Designing a programmable circuit board for general purpose use provides the challenge of placing bonding pads at locations which can be conveniently utilized by the IC connections and yet does not waste space. Because the die size of the ICs is not known in advance, the bonding pad layout must then be configured to allow wide flexibility of pad choice. Once a pad choice has been made for a given IC application, it is important that the pads be free from defects so that the choice is not compromised. While it is possible to substitute a neighboring good pad for a defective pad and adjust the circuit accordingly, that practice is not desirable since a constant pad configuration for a given product is preferred for testing the circuit after programming. That is, some test procedures for circuit boards rely on certifying that bonding pads at given locations are connected in the circuit to yield certain prescribed characteristics. It is thus desired to build a circuit board where every pad has a high probability of being good.
Examples of programmable interconnect architecture are already known. For example the U.S. Pat. No. 4,758,745 discloses a matrix of logic modules formed in a silicon substrate and interconnected by rows of horizontal and vertical connections lines. Each such line is made up of short line segments connected end-to-end by transistors and by programmable elements which comprise normally insulating material at each line junction which becomes conductive when a certain voltage is applied across the respective lines. Connections are programmable at line crossings due to a programmable element at each intersection. To apply programming voltage across the lines all the transistors in the respective lines must be conductive. An array of control lines is provided for transistor control. The requirement of the many transistors and their control lines limits the density of the connection lines and increases the probability of defective parts. Since the logic modules are built in, there is no concern for the efficient mating of bonding pads with IC dice placed on the substrate.
The U.S. Pat. No. 4,458,297 to Stopper et al entitled "Universal Interconnection Substrate", which is incorporated herein by reference, discloses a wafer-based substrate for connecting IC chips including two layers of patterned metal defining crossing lines selectively interconnected at line crossings by antifuses. The antifuses comprise vias through intervening insulator layers which contain amorphous silicon deposited as an insulator but programmable to a conductive state by the application of a threshold voltage across the antifuse. The signal interconnection network includes many bonding pads dispersed across the substrate and each pad connected to one pad line which extends either horizontally or vertically, and nets, each of which comprise an interconnected pair of horizontal and vertical lines connected to one pad at the edge of the substrate. Each pad line crosses each net and can be programmed to connect to any line.
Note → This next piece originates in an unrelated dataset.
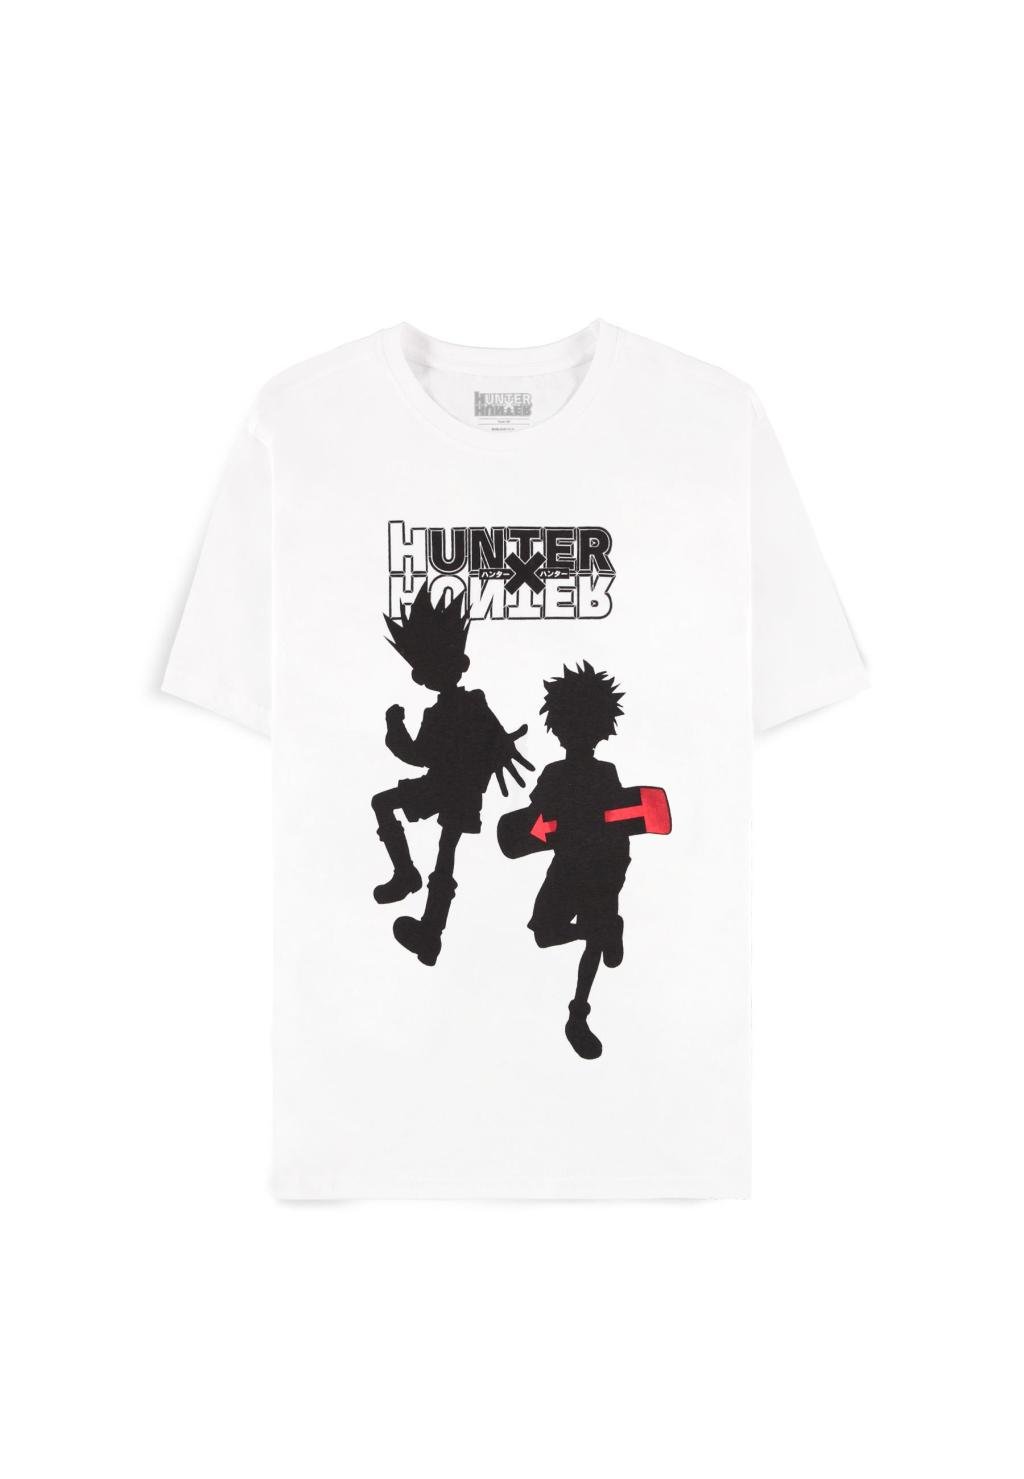 HUNTER X HUNTER - Gon & Kirua Skate Board - Men's T-shirt (L)

Drawbacks to the Stopper et al configuration include high line capacitance, large die placement granularity, and scarcity of pads for high pinout dice. The high line capacitance is the direct consequence of long lines which may extend across the substrate and the number of such lines that are connected together. Granularity refers to the distance between pad groups within the substrate. If a die is slightly too big to fit within an array of pad groups, it must be assigned to the next larger array. A smaller distance between pad groups would waste less space. Another concern is that a given pad resource, i.e. a bonding pad and its associated line, is relatively large and thus subject to a greater probability of defects than would a small resource. The same is true of a net since it comprises two long lines connected together.
Later improvements to the Stopper et al approach reduced some of the problems. They used smaller substrates to limit line length and thereby reduce capacitance. As shown in FIG. 1, net lines 10 connected to external pads 12 ran only vertically except for some horizontal connecting links to side pads. Pad lines ran horizontally. Several pads 14 were connected to each pad line. One type of pad line 16 ran across the substrate from side to side and another type 18 crossed from one inside edge of a pad group to the other inside edge. The shorter lines resulted in lower capacitance. All line intersections are provided with antifuses; only the programmed antifuses 20 are shown in the drawing. Granularity was improved, giving improvement in die packing density. On the other hand, the assignment of several pads on each pad line restricts design flexibility, substrate size is limited to keep capacitance low, defect avoidance often requires changes to the wire bonding, and test time is long. Testing requires multiple setups of different probe cards; tooling is unique, or nearly so, for each member of the family.